Еще более резко эта политика национального обособления населения Восточной
Молдовы от их единокровных родственников за Прутом была усилена во времена
СССР. Советы с особым упорством задействовали создание молдавской идентичности,
противостоявшей румынской идентичности на правом берегу Прута. Для достижения
цели отчуждения идентичности приднестровских румын, а после 1940 года и
бессарабских румын, была предпринята жесточайшая политика угнетения (физическая
ликвидация и/или депортация интеллектуальной элиты или тех, кто публично называл
себя „румынами”) в сочетании с тоталитарными пропагандистскими мерами, которые
все вместе взятые частично привели к отделению „молдавской” идентичности от
базовой этнической идентичности — румынской. Так был достигнут эффект политики
манкуртизации значительной части румынского населения к востоку от Прута,
последствия которой ощущаются и сегодня.
Расчёт Москвы привлечь Румынию через
румынский язык
О спекулятивном характере концепции антирумынского молдовенизма, изобретённой в
пропагандистских лабораториях империалистической Москвы, свидетельствует
временный отказ советской власти от „молдовенизма” в период 1932-1938 годов,
когда в МАССР на левом берегу Днестра проводилась политика латинизации языка
молдаван. В тот период идея распространения коммунизма во всей Румынии стала
приоритетной для империализма советской Москвы, что определило временный отвод
на второй план востребования Бессарабии как бывшей российской территории. Но
как только перспектива установления коммунизма в Румынии межвоенного периода
померкла, Советы с повышенной жестокостью вернулись к насаждению в сознании
людей ценностей антирумынского молдовенизма.
После Второй мировой войны, хотя Румыния стала коммунистическим государством,
Советский Союз продолжал с ещё большей интенсивностью продвигать „нерумынскую”
молдавскую идентичность.

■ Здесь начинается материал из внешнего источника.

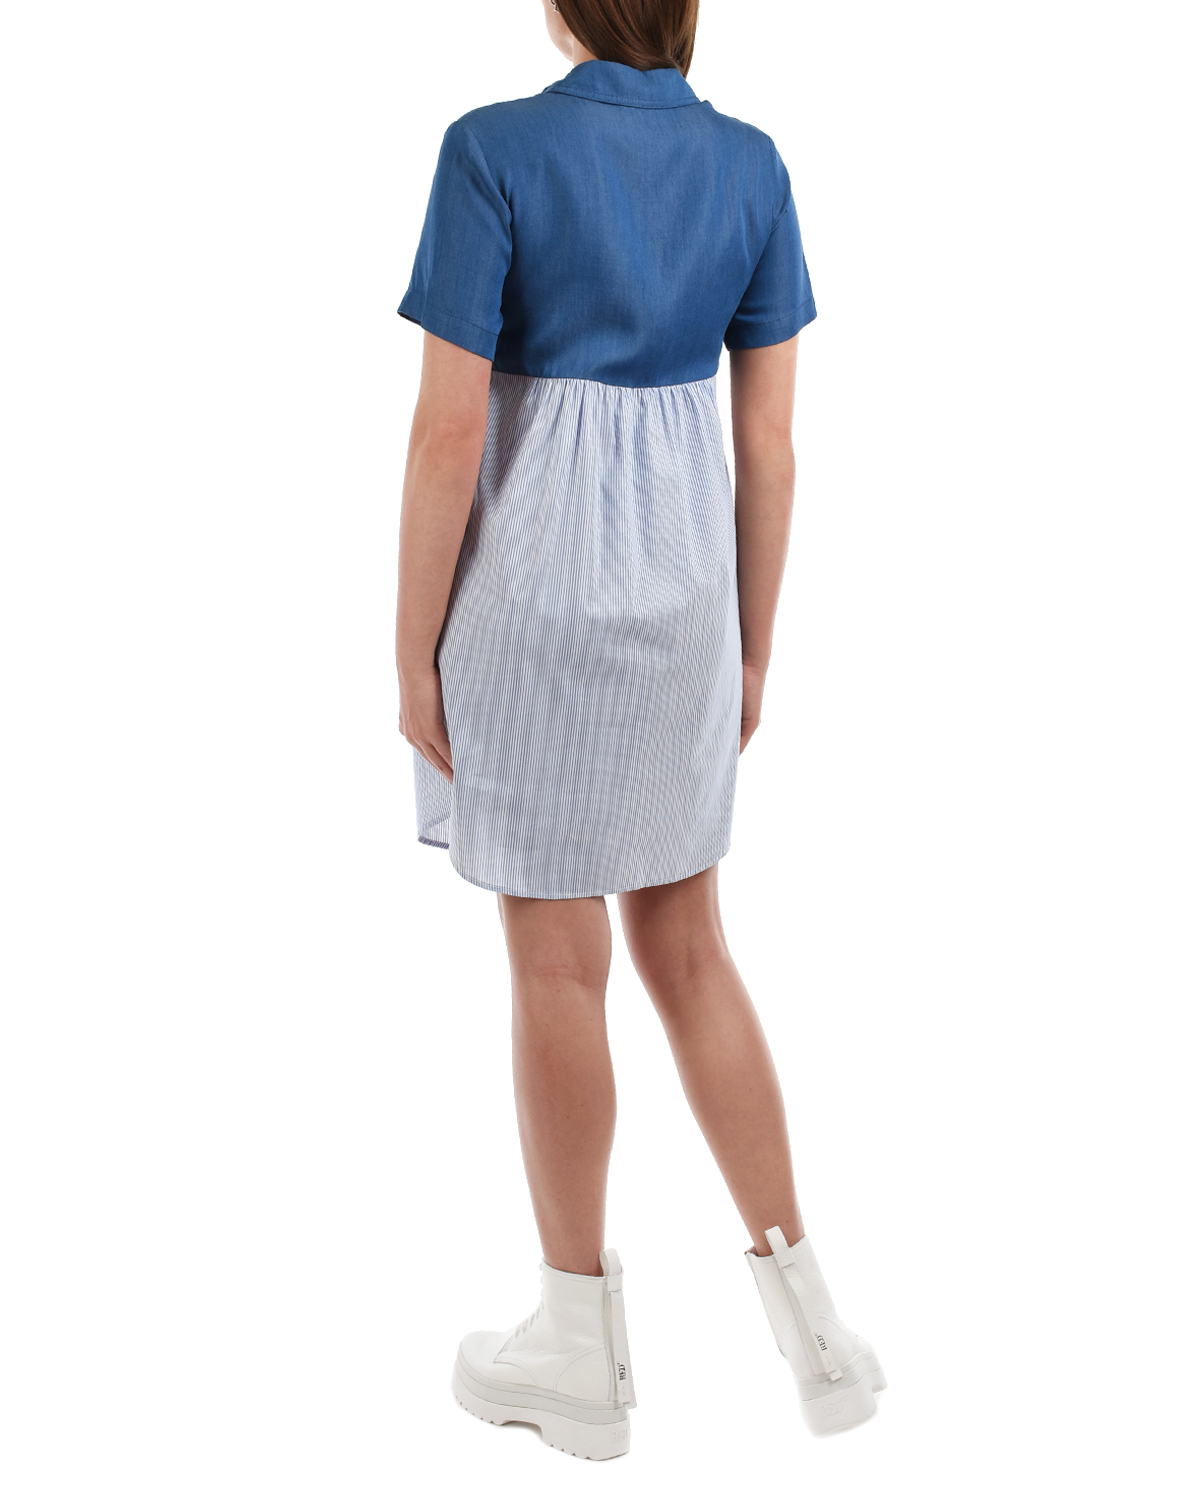 Синее платье с короткими рукавами Attesa, размер 38, цвет синий - фото 3

Иначе становилось невозможно оправдать с этнической
точки зрения отделение Восточной Молдовы от Родины-матери, Румынии, т. е.
присоединение Бессарабии и Северной Буковины к Советскому Союзу, хотя так
называемая пролетарская солидарность как бы диктовала Москве необходимость
восстановления национального единства румынского братского народа путем уступки
Бессарабии коммунистической Румынии. Но в действительности империалистические
рефлексы советского руководства в Москве в случае с Бессарабией, как, впрочем,
и в большинстве других подобных случаев, безапелляционно обыгрывали все
провозглашенные нормы кодекса поведения коммунистов, в том числе так называемое
межгосударственное социалистическое братство.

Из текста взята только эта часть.